For software, the version control system (VCS) represents a hopefully consistent state of your software for any revision. This state will be delivered to your dev/staging/production system. Maybe the software is build into an executable format, but basically it is taken as a whole. Maybe for optimization you only push the actuall differences to your systems, but still the final state of the target system will be represented by the revision in your VCS. If you want to know what has changed between to revisions, you ask your VCS what the differences are between these revisions, and it will show you.

With database changes, you actually write scripts that describe the transition between previous state and required state. So the db developer manually does the job that the VCS does for software. The VCS is basically used for storage and historization of these transitions, only.

In contrast to software, databases typically have two streams of evolution. Structural changes and Application data is pushed like software bottom up from development to production. The other stream is a top down stream of data added to the database by users. I think that this is the reason why we define changes and not the required target state as we have to find a way to merge the two streams.

A question I have now is, should there be a tool that automatically determines the required changes between two database states?
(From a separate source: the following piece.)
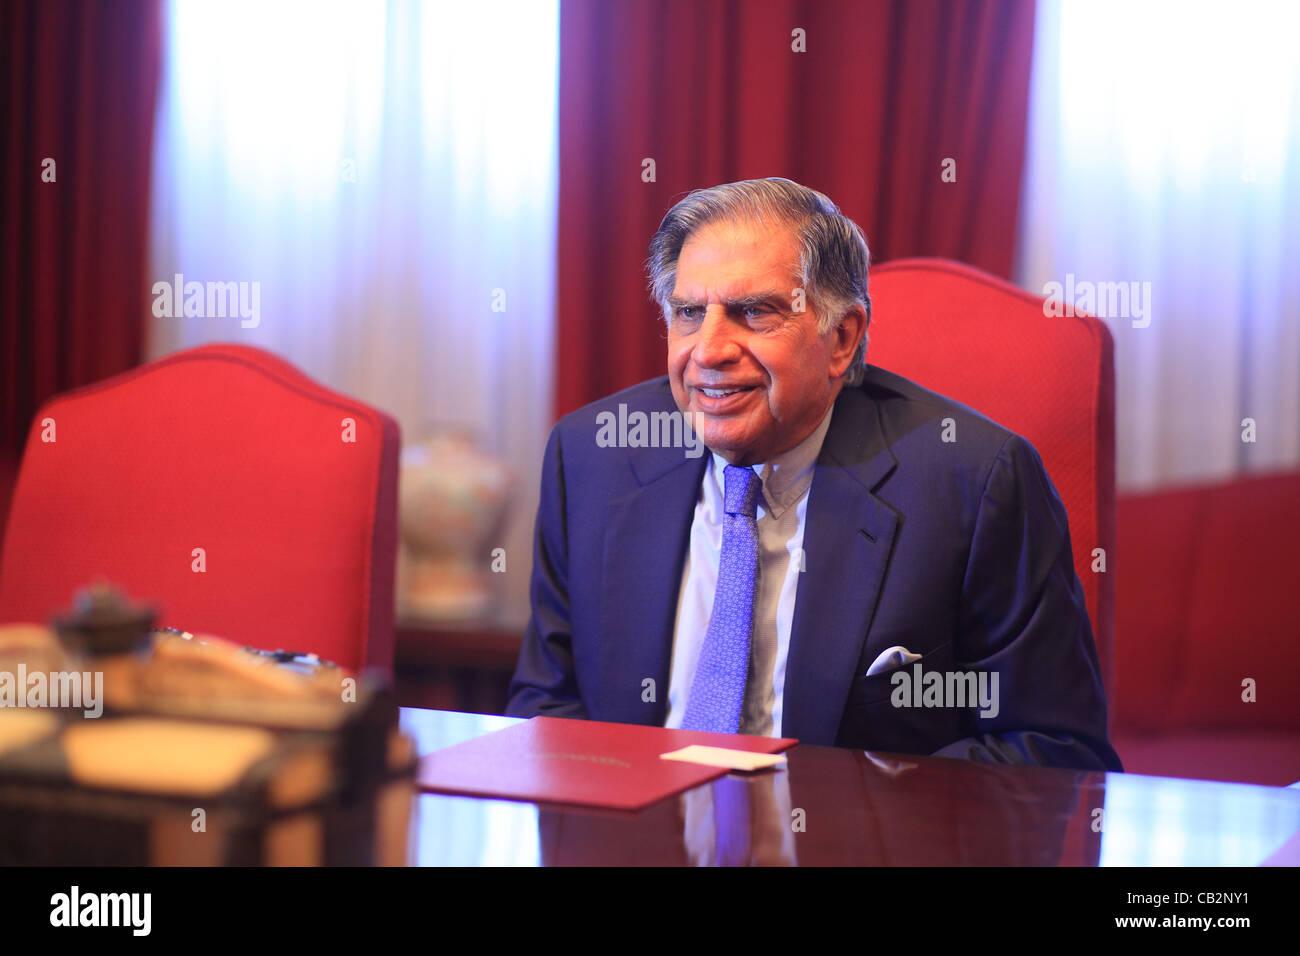 Peut16,2012 - Mumbai, Inde: Portrait de l'industriel indien Tata Rata, président de l'empire Photo Stock
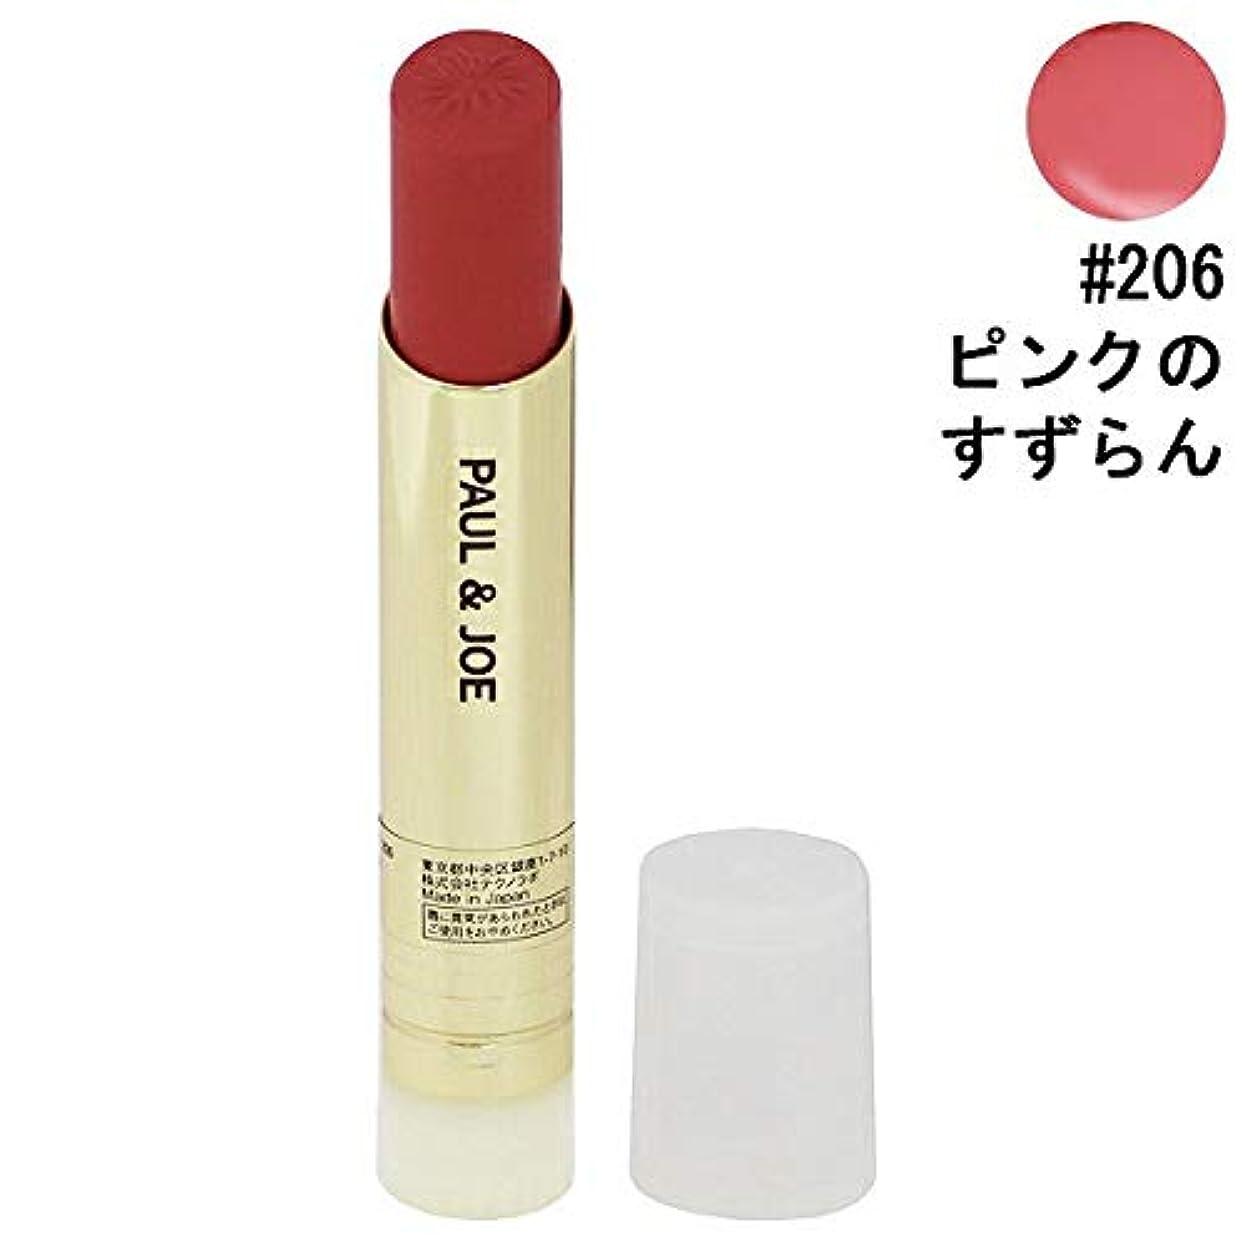 【ポール&ジョー】リップスティックN #206 ピンクのすずらん (レフィル) 3.5g

I remember listening to a presentation about a db migration tool, I think it was liquibase, you could point at two different databases and instruct it to migrate one to the state of the other. And I remember the bad feeling I had regarding that idea. Mainly because I did not like the idea to move changes from staging to productionthis way, because you would have to make damned sure not to accidentaly delete the production data. You would need to define very well, which application data to move and which user data to leave as it is. But maybe I should rethink that.

What do you think?

Tuesday, February 28, 2012

database schema evolution versus schema versioning

Why we have choosen to use dbdeploy for our database evolution over flyway and some other candidates.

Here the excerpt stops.